All lines from the one that contains "Female player holding" to the end of the data must be retyped exactly. Pictures are not retyped.

▶ **SOURCE MATERIAL**
######

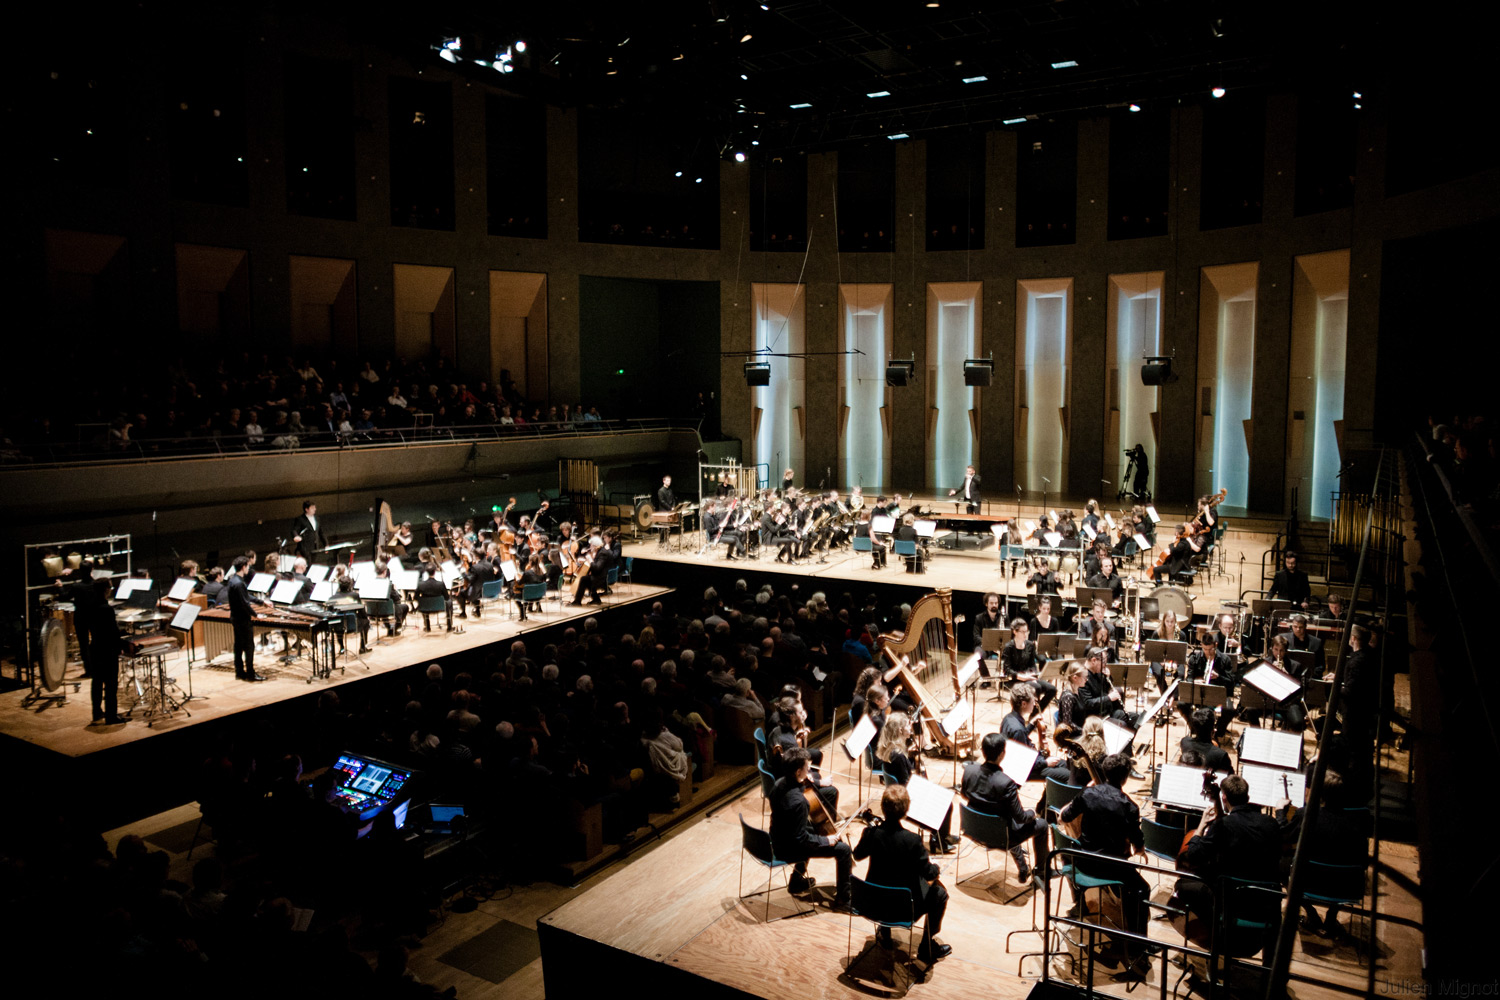 Prochains événements dans la Salle des concerts Philharmonie de Paris
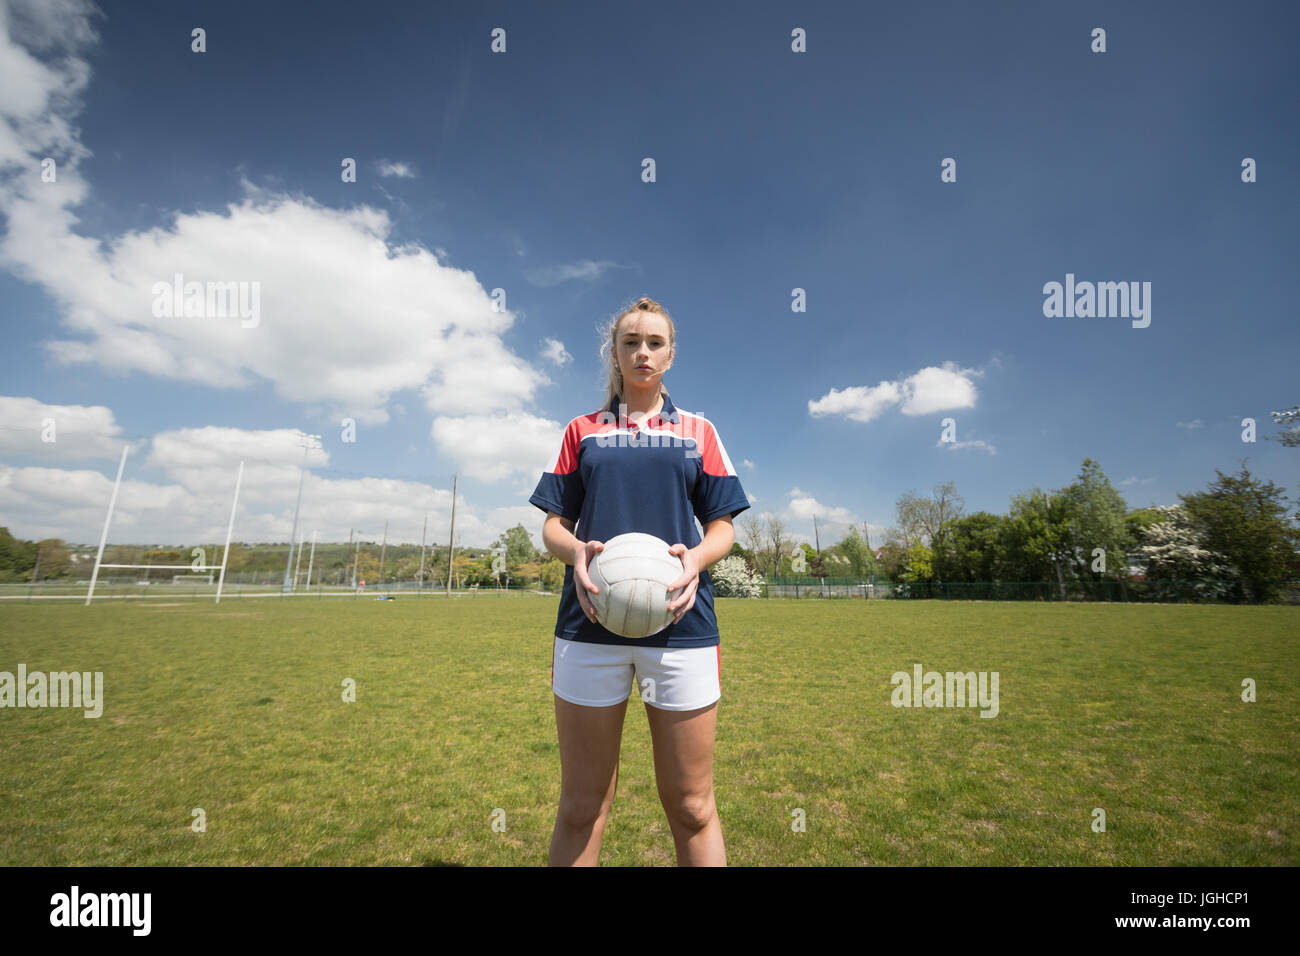 Female player holding soccer ball sur le terrain de jeu contre le ciel Banque D'Images
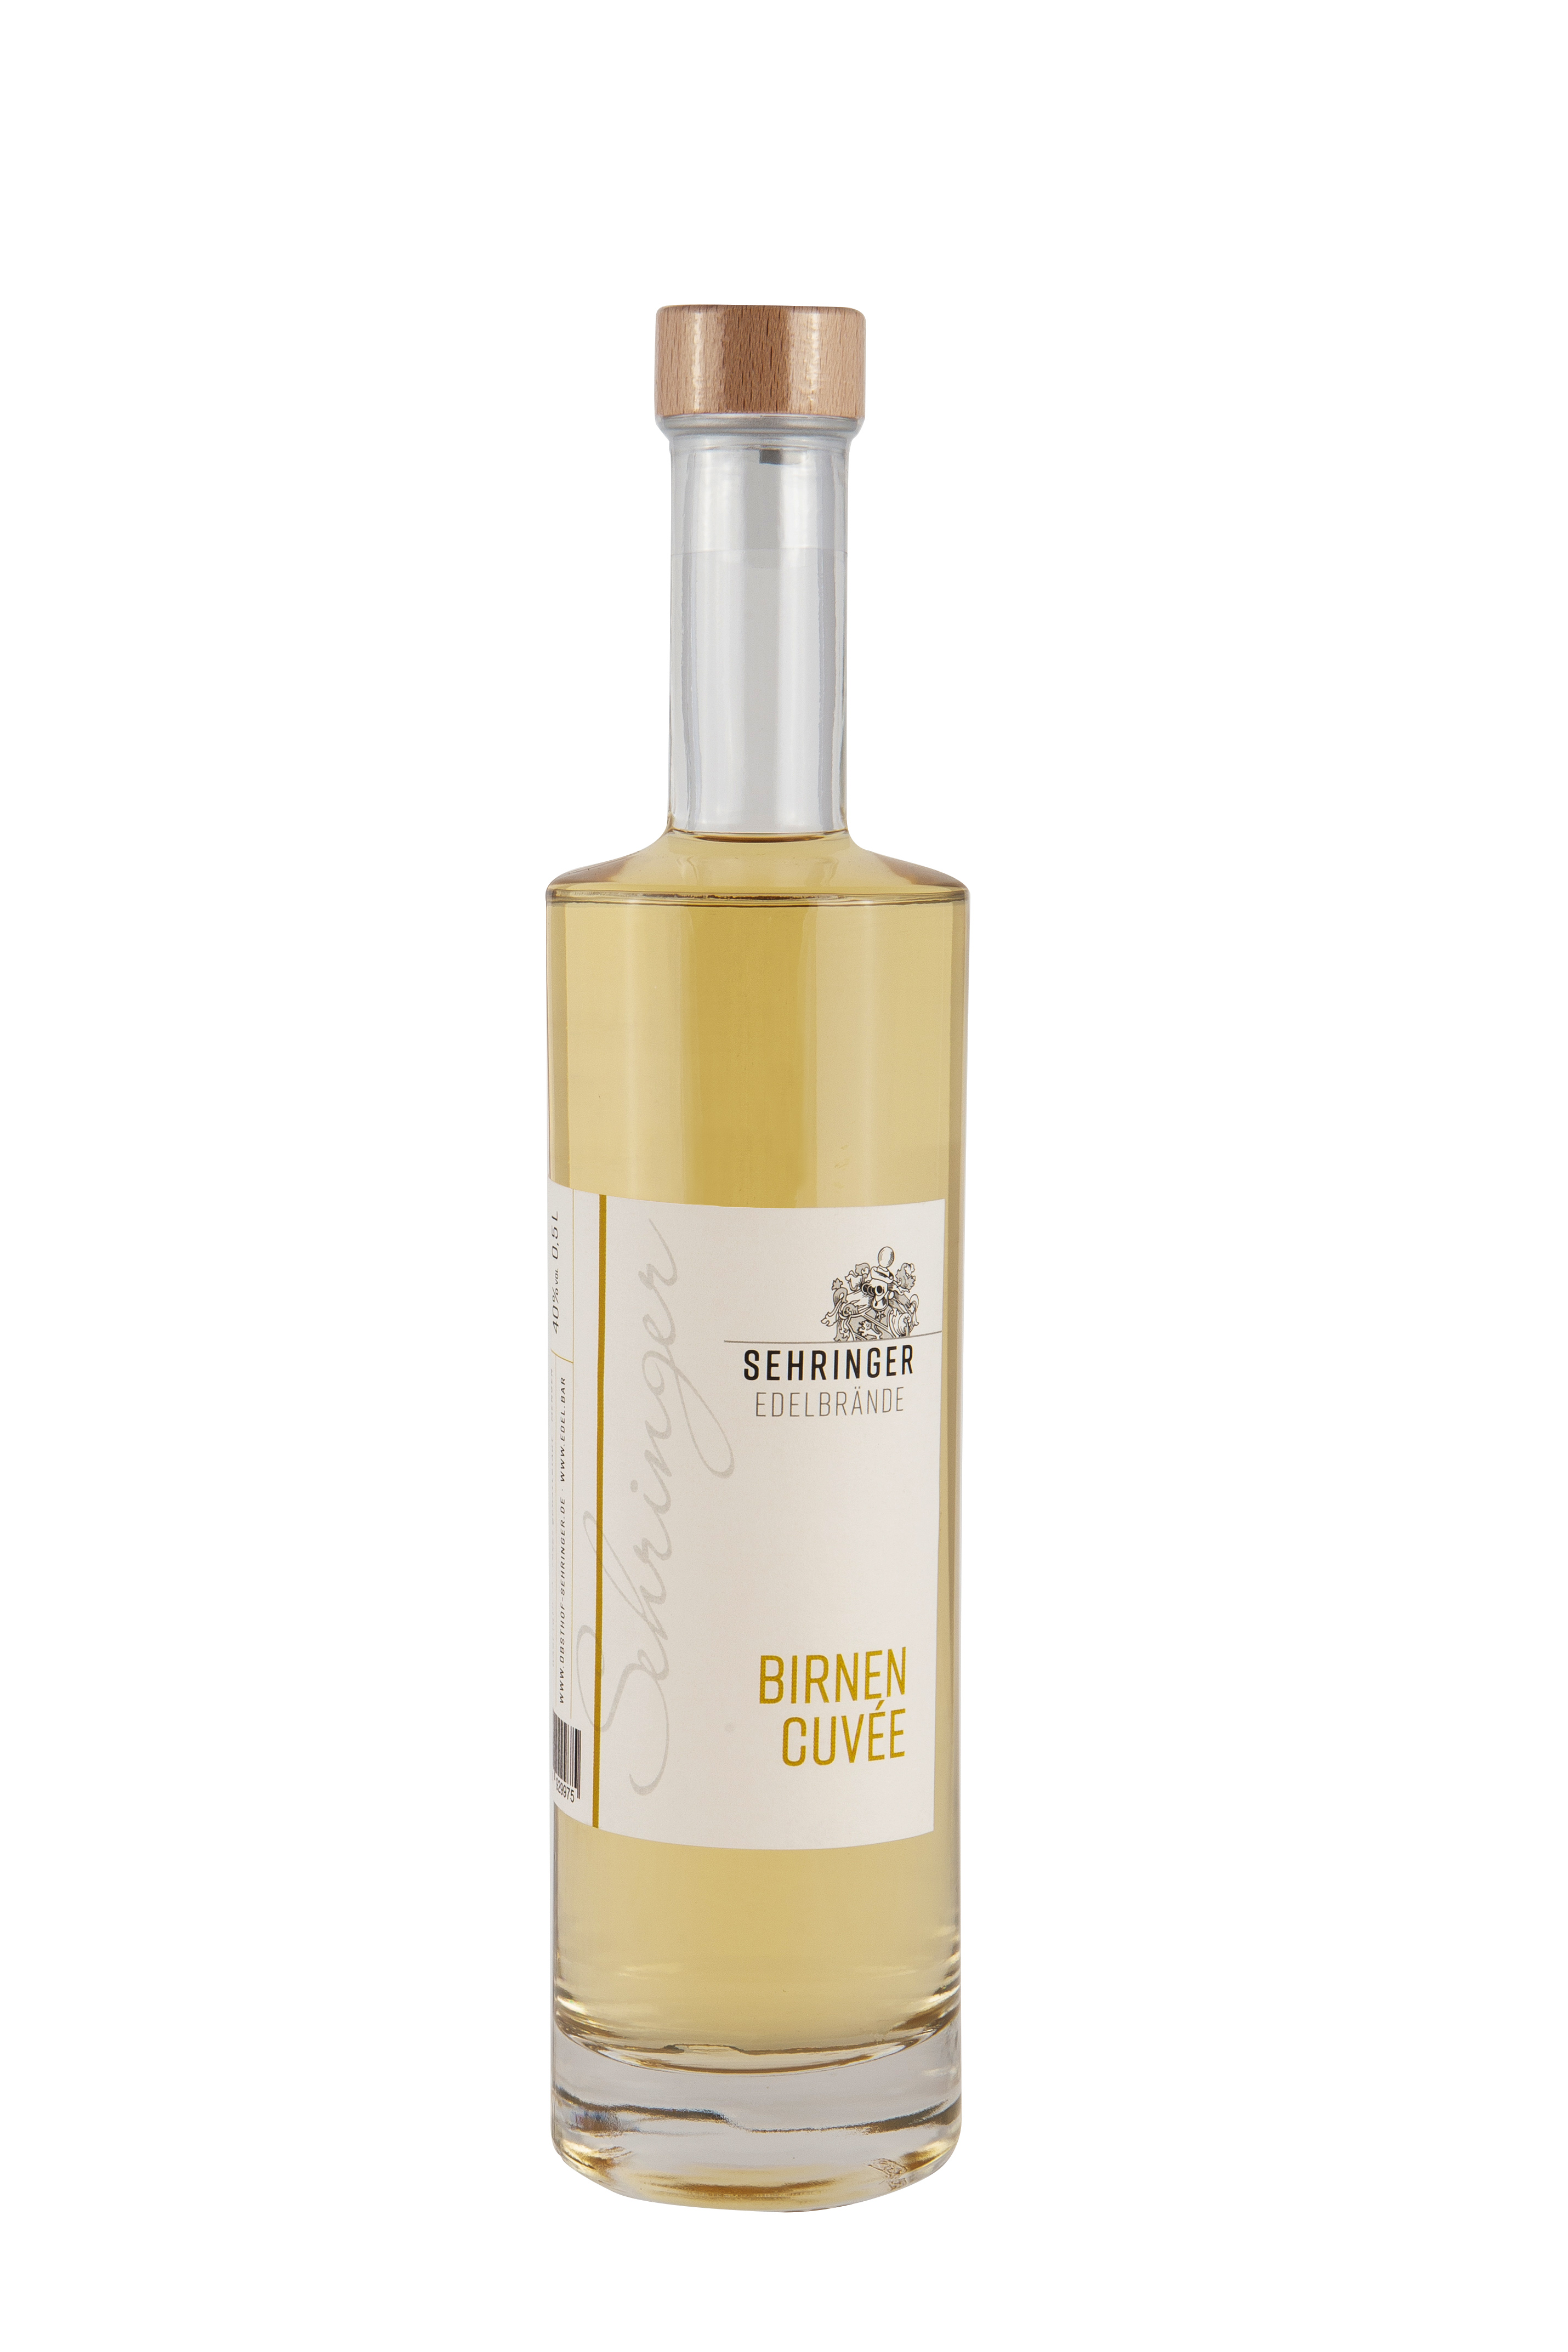 Sehringer Birnen Cuvée, 40% vol.

######

▶ **RESULT**
 Female player holding soccer ball sur le terrain de jeu contre le ciel Banque D'Images
 Sehringer Birnen Cuvée, 40% vol.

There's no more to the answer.